I would argue that this is an illusion. Yes, certainly knowing muscles and their function can aid in understanding movement. And I need to be able to have a conversation with a physiotherapist, osteopath, or surgeon using anatomical language. But when it comes down to the nitty gritty of moving, my brain is simply giving instructions for one body part (or more) to move relative to another, and the muscles are just accessories. Your brain doesn’t actually know that you’ve got muscles. Poor muscle balance is a product of poor movement, not the other way around. Aside from this, focus on muscles when teaching (in addition to appearing clever) can easily disempower the client, and help to reinforce the notion that Pilates is in fact magic, to be performed on you by your teacher. Can’t differentiate between your gastroc and your soleus? Oh dear, this is worse than I thought.
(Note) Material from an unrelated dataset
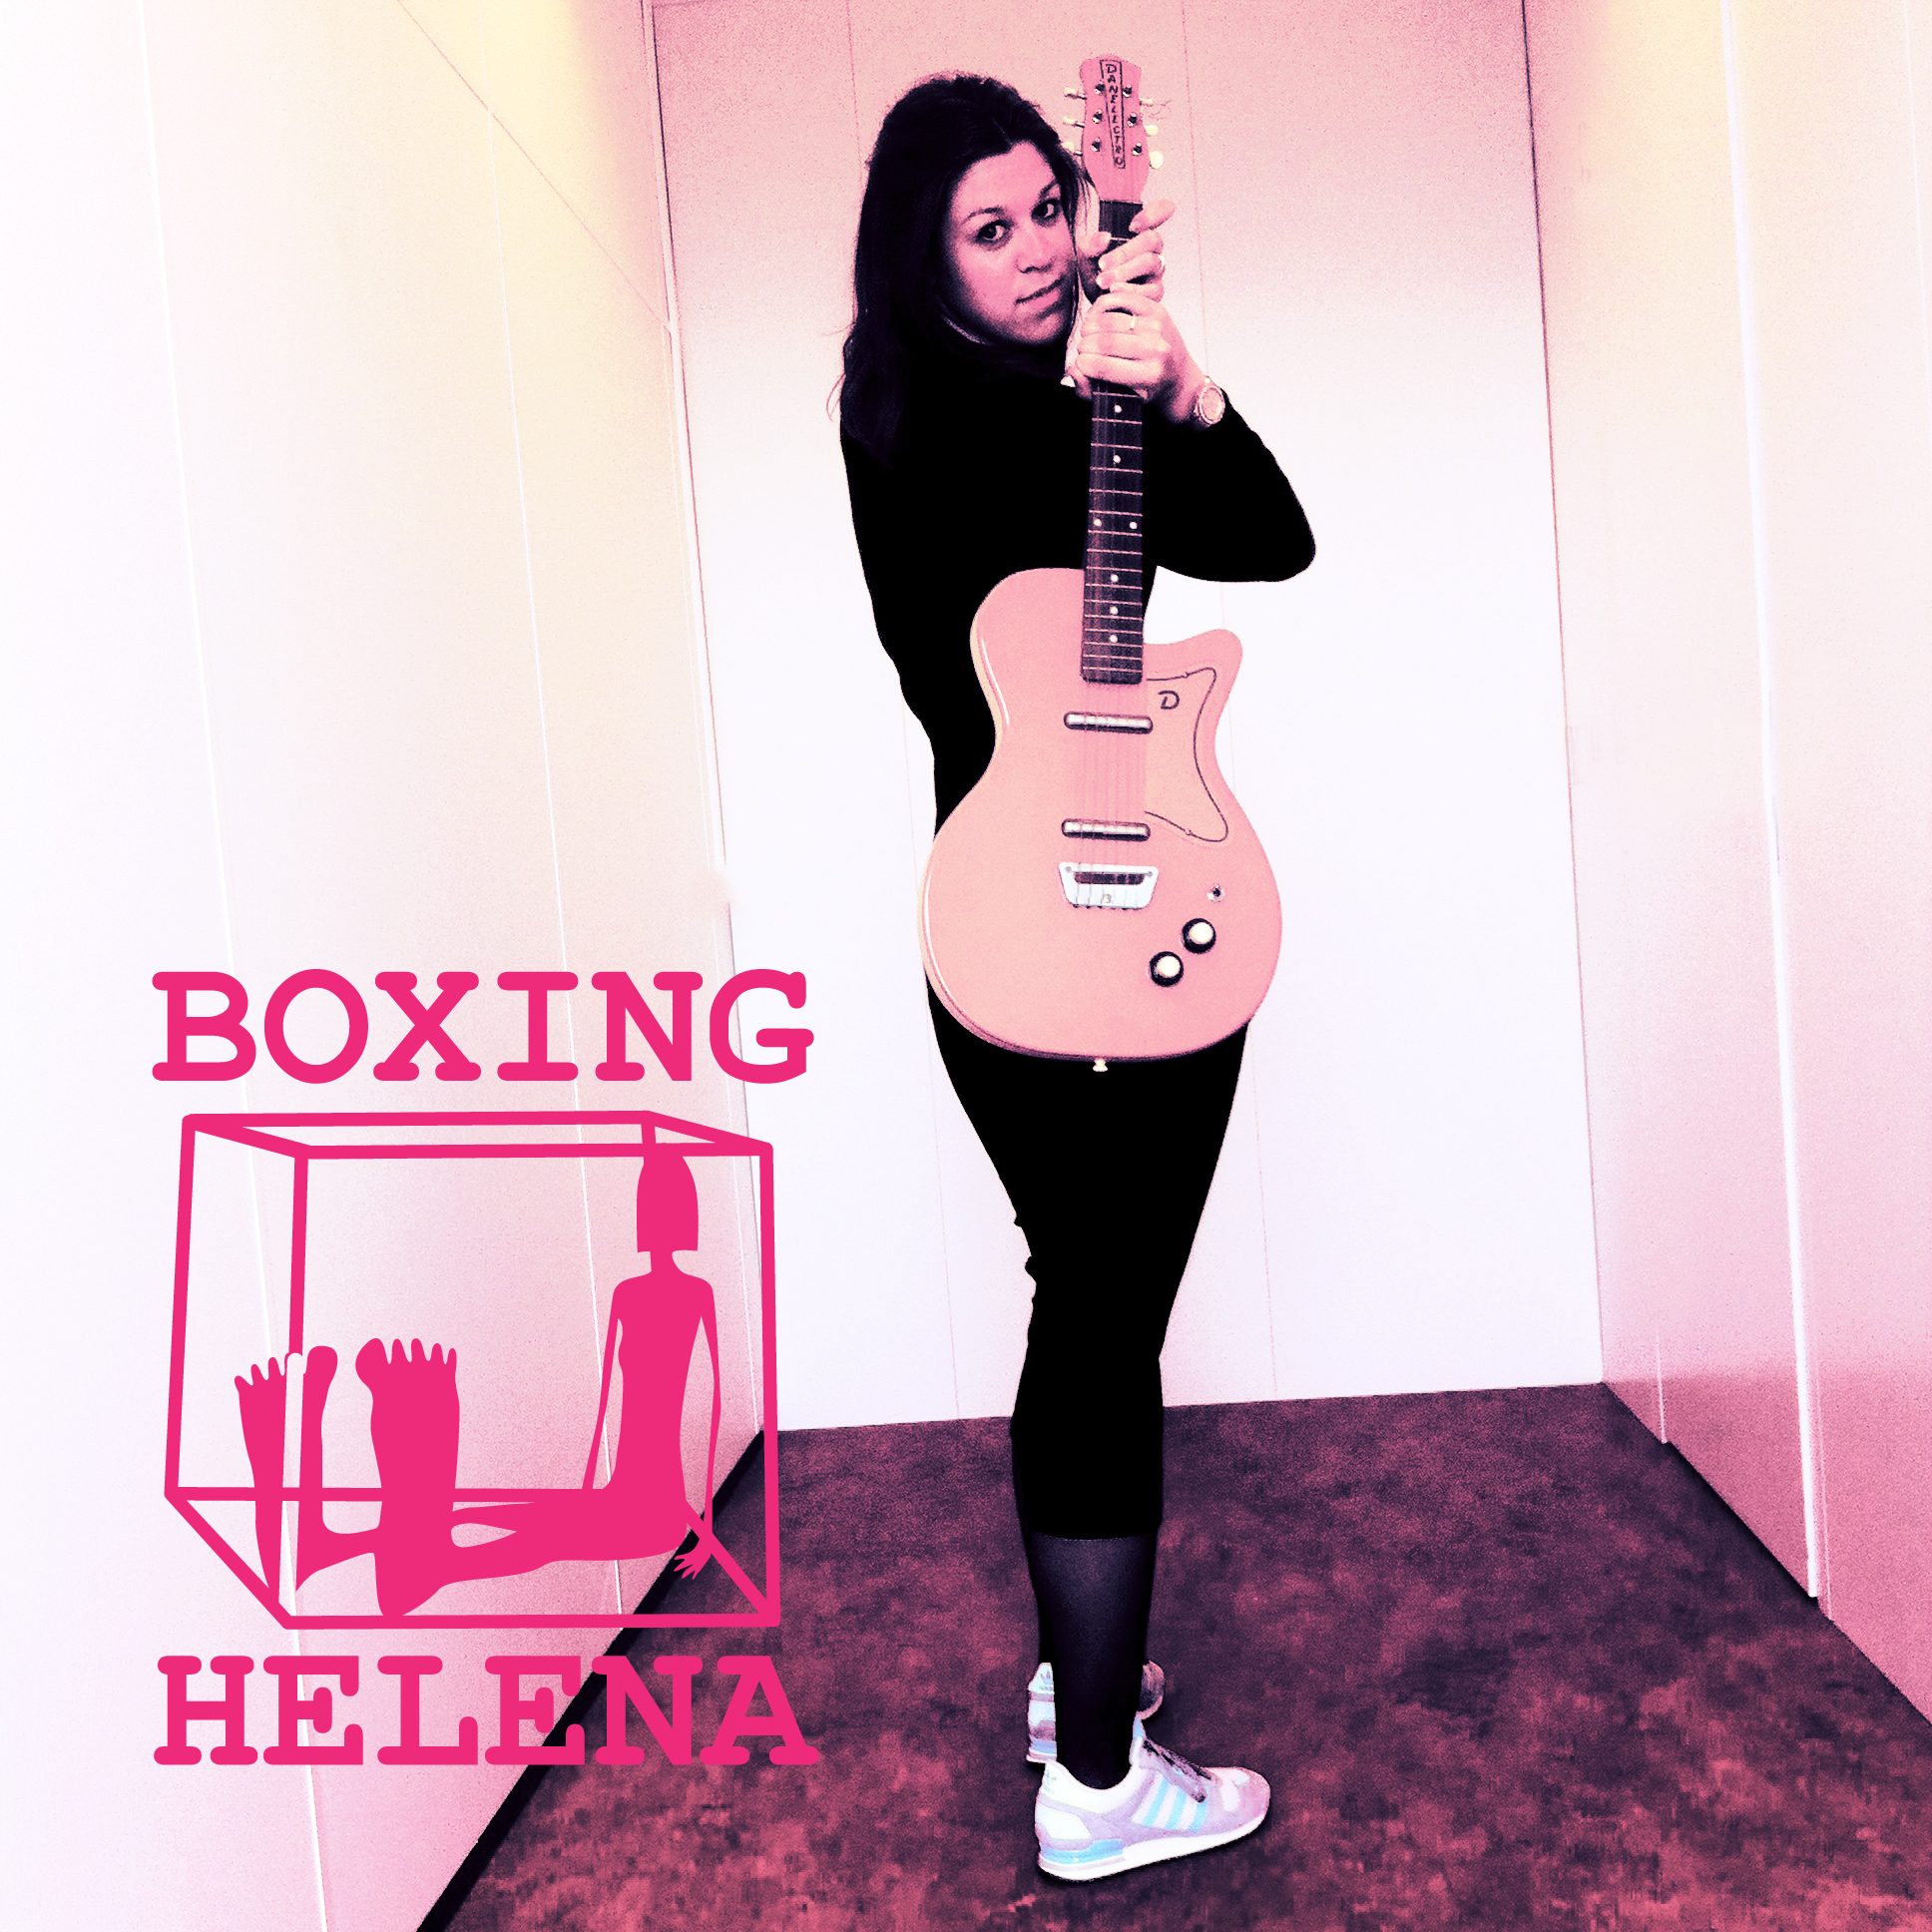 Boxing Helena

After years of being excited by analysing anatomy, and trying to ‘see’ muscles working/not working in my clients, I’ve been very fortunate to stumble upon the understanding (again, hat off to Kelly Starrett – and Gray Cook, Mike Boyle, Carl Paoli etc.) that Pilates is simple. Brilliant, and simple. The fundamentals of joint positioning for transmission of force, or resistance of load, are the same for Pilates as for any other movement discipline. ‘Force’ and ‘load’ are perhaps not words commonly associated with Pilates, but this is just different written/spoken language to describe the common language of movement.

If this approach to Pilates strikes any type of a chord with you (or if you hate it and want to come and heckle), I’m running a seminar: ‘Pilates Made Simple’, in West London on June 15th. More details to follow on the blog.

*This may well be a brilliant and highly instructive workshop, it’s just that the description made me feel like chewing my fingers off.